CN111600822A - Universal frequency shift keying signal test system for rail transit signal system - Google Patents

Abstract

The invention relates to a universal frequency shift keying signal testing system for a rail transit signal system, which comprises a signal source, a frequency shift signal sending unit, a signal transmission path, a signal receiving unit, a receiving end and an upper computer man-machine interaction unit, wherein the signal source, the frequency shift signal sending unit, the signal transmission path, the signal receiving unit, the receiving end and the upper computer man-machine interaction unit are sequentially connected. Compared with the prior art, the invention has the advantages of supporting various coding modes, having corresponding decoding capability, coping with the test of various frequency shift keying signals and the like.

Description

Universal frequency shift keying signal test system for rail transit signal system

Technical Field

The invention relates to the technical field of signal testing, in particular to a universal frequency shift keying signal testing system for a rail transit signal system.

Background

The field of rail transit signal systems mainly applies Frequency Shift Keying (FSK) technology to systems such as digital coding rails, axle counting, beacon antennas and the like. The frequency shift track circuit takes the frequency parameter as control information, and utilizes signal modulation to shift the low-frequency signal modulation to a higher frequency, but keeps the amplitude of the low-frequency signal constant, and the frequency changes along with the change of the amplitude of the low-frequency signal. The frequency shift track circuit can transmit running information (such as running speed, detailed line parameters and the like) while realizing automatic block of the interval, and provides required related information for train running control. In the circuit of China, the domestic 18 information frequency shift automatic block system and the UM-71 uninsulated track circuit both adopt frequency shift keying signals with continuous phases.
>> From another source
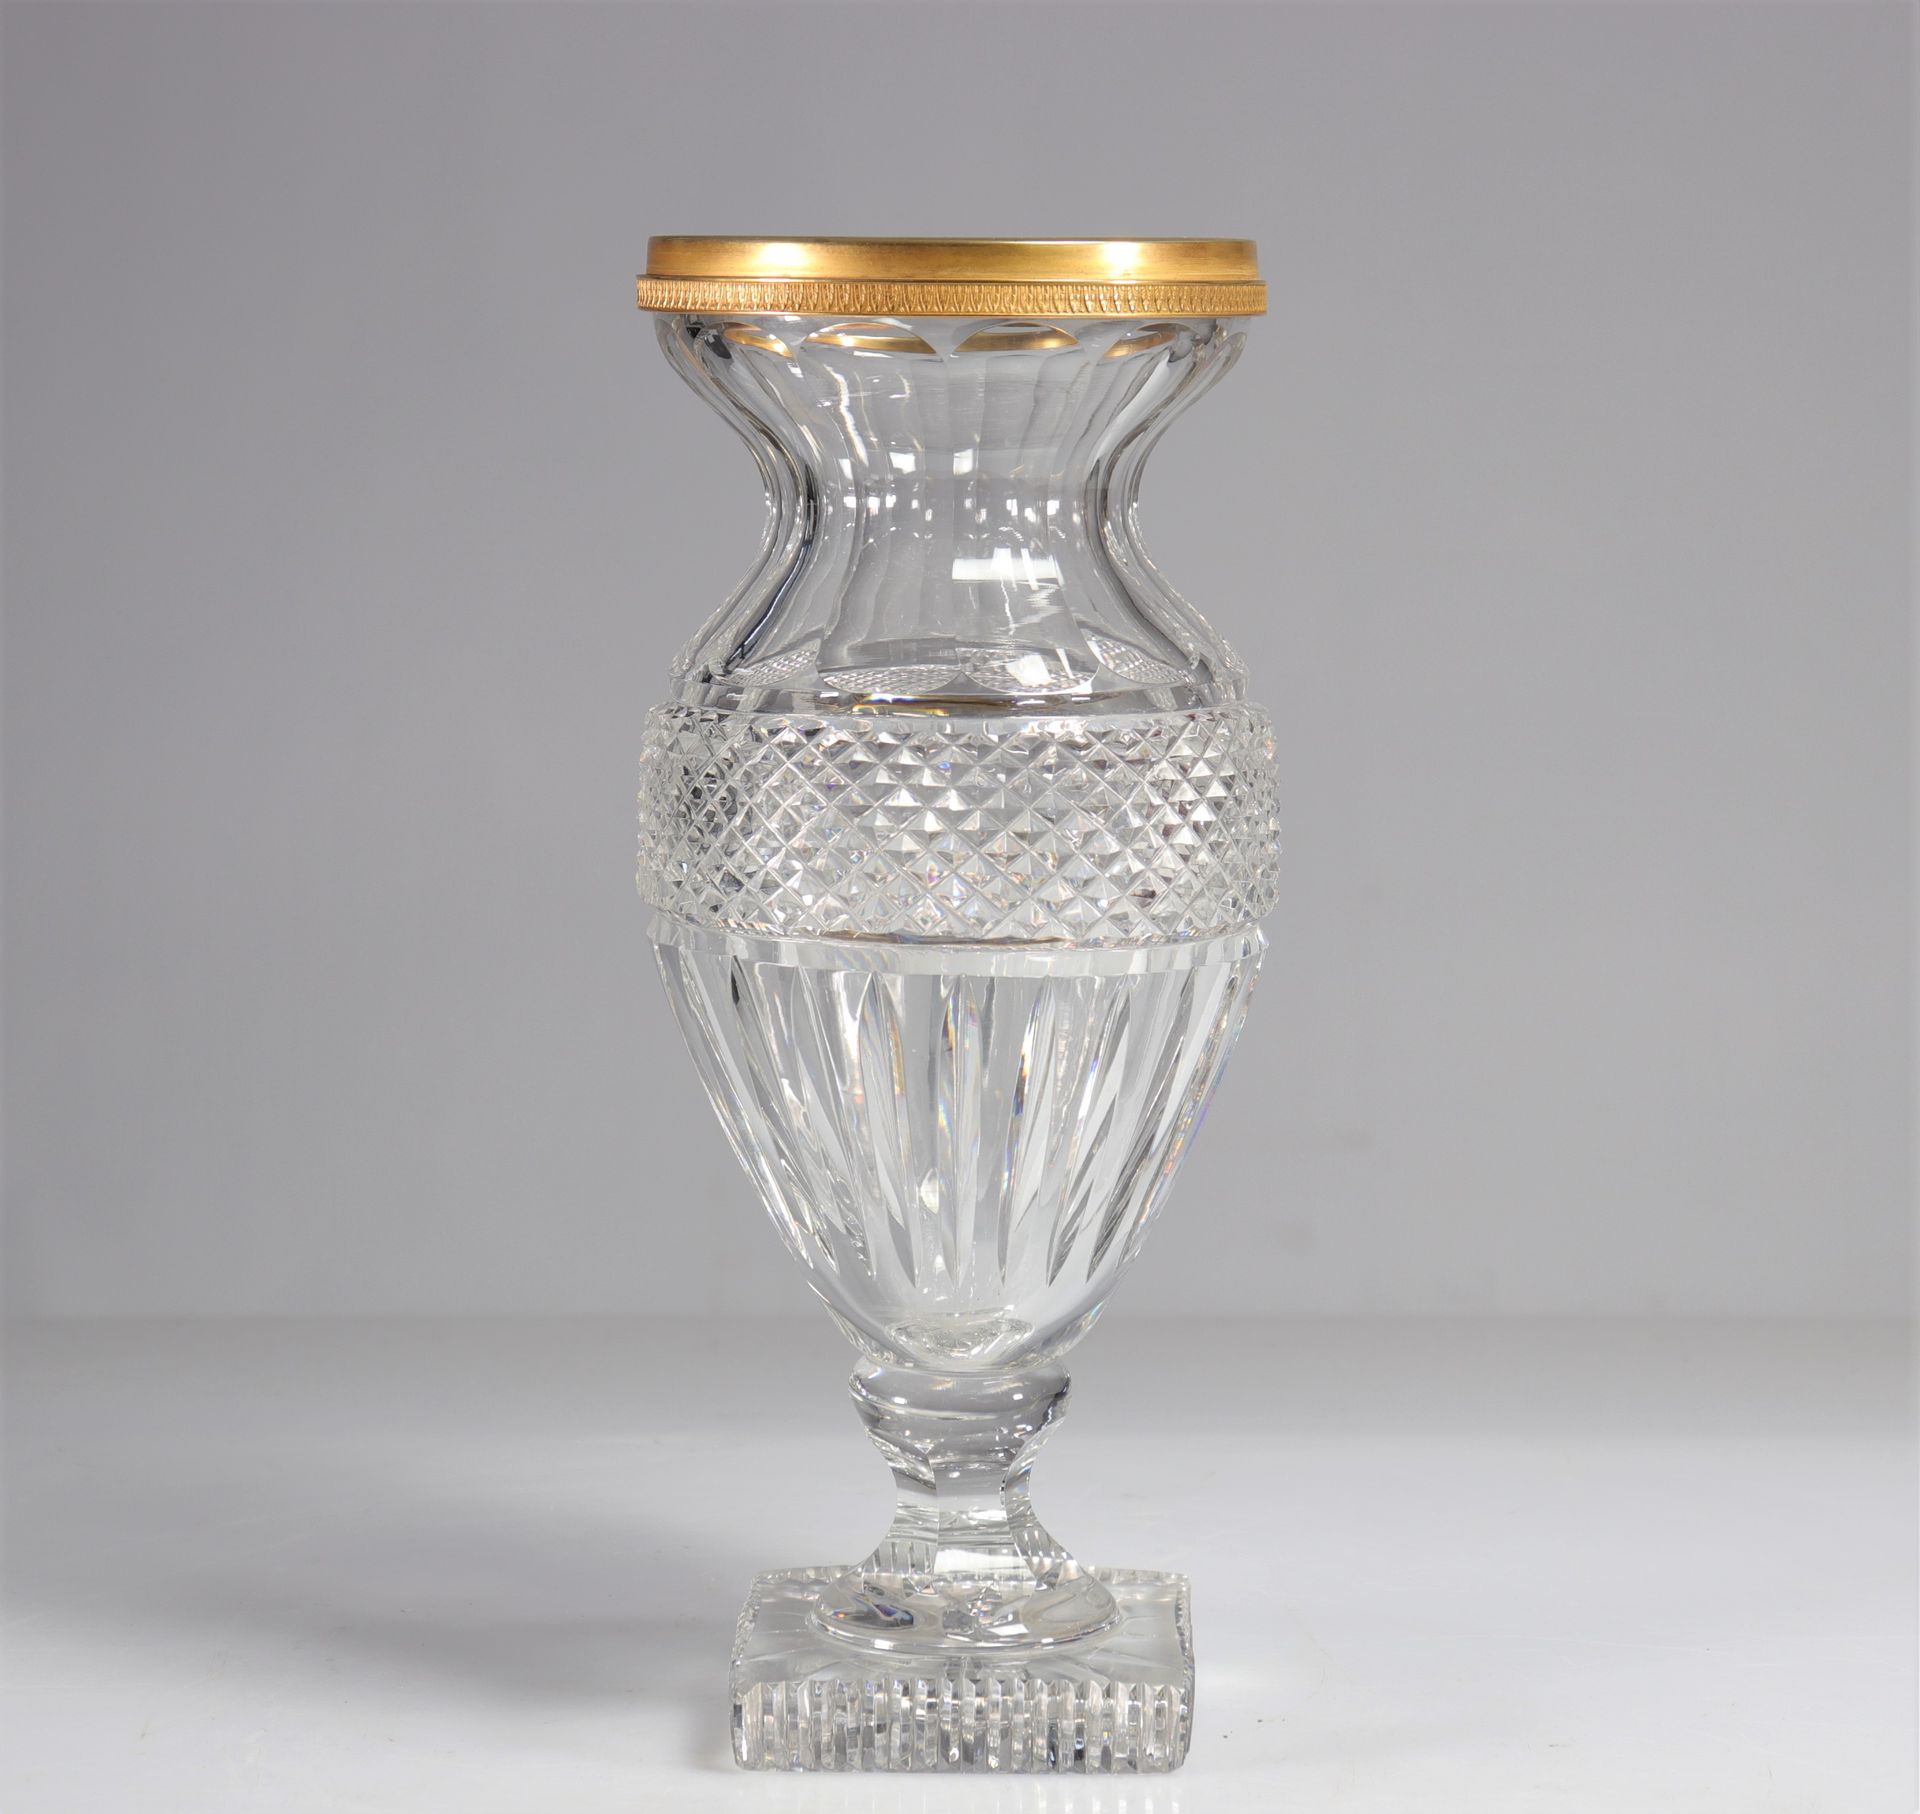 Null Baccarat crystal vase of Empire style with gilded bronze frame
Weight: 2.92&hellip;

Through search, a chinese patent publication No. CN106124839A discloses a portable detector for track frequency shift signals and a detection method thereof. The detector consists of a magnetoresistive sensor, a temperature sensor, a signal conditioning unit, an analog-to-digital conversion unit, a DSP microprocessor, a WIFI communication unit, an LCD display unit and a power supply unit; the detection method is formed by detecting the effective value of the frequency shift current and the frequency of the frequency shift current in the rail by the magnetic resistance sensing unit, and the inconvenience of detecting the frequency shift signal at a lead wire is eliminated. But the scene used by the invention is the field rapid detection, and the invention is characterized by small size and portability, and needs to coordinate a remote code sending end when in use.

Through retrieval, digital coding non-insulation track circuits used by urban rail transit varieties in China currently include AF-902/904 (Shanghai No. 2), FTGS audio track circuits, ZPW-2000A, UM71 and the like. Various systems are different in carrier frequency, frequency offset, coding bit mode and the like, and the situation of coexistence of various systems will continue in the long run, but a set of universal test platform is not available at present.

Disclosure of Invention

The invention aims to overcome the defects in the prior art and provide a universal frequency shift keying signal test system for a rail transit signal system, aiming at the existing frequency shift keying signals of various systems, the hardware of the test system can be reused, and the modulation and demodulation algorithm software can be flexibly configured, supports various coding modes and has corresponding decoding capability so as to be suitable for testing various frequency shift keying signals.

The purpose of the invention can be realized by the following technical scheme:

a universal frequency shift keying signal test system for a rail transit signal system comprises a signal source, a frequency shift signal sending unit, a signal transmission path, a signal receiving unit, a receiving end and an upper computer man-machine interaction unit, wherein the signal source, the frequency shift signal sending unit, the signal transmission path, the signal receiving unit, the receiving end and the upper computer man-machine interaction unit are sequentially connected.

Preferably, the signal source comprises a PXI case and an arbitrary waveform generator board card installed on the PXI case;

the arbitrary waveform generator board card generates complex signals with specific frequency, and the complex signals are used for simulating the actual waveform of the track circuit when a train runs.

Preferably, the arbitrary waveform generator board card adopts NI PXI-5422, Kunzhi QT1237 or Linghua PXI 1117;

the signal source is also provided with an upper computer interface for providing a waveform parameter setting input frame, and parameters of a required baseband frequency, a carrier frequency, a modulation mode, coding information and a transmission path model are selected in an application range according to test items;

the signal source supports predefined high-frequency carrier frequencies of 1700Hz, 2KHz, 2300Hz and 2600Hz, and also supports user-defined selection within the board card capability range;

the signal source predefining supports low-frequency baseband signal frequency, the tolerance is 1.1Hz, the frequency deviation delta f is 11.0Hz from 10.3Hz to 29.0Hz according to an arithmetic progression, and self-defined selection in the board card capability range is also supported.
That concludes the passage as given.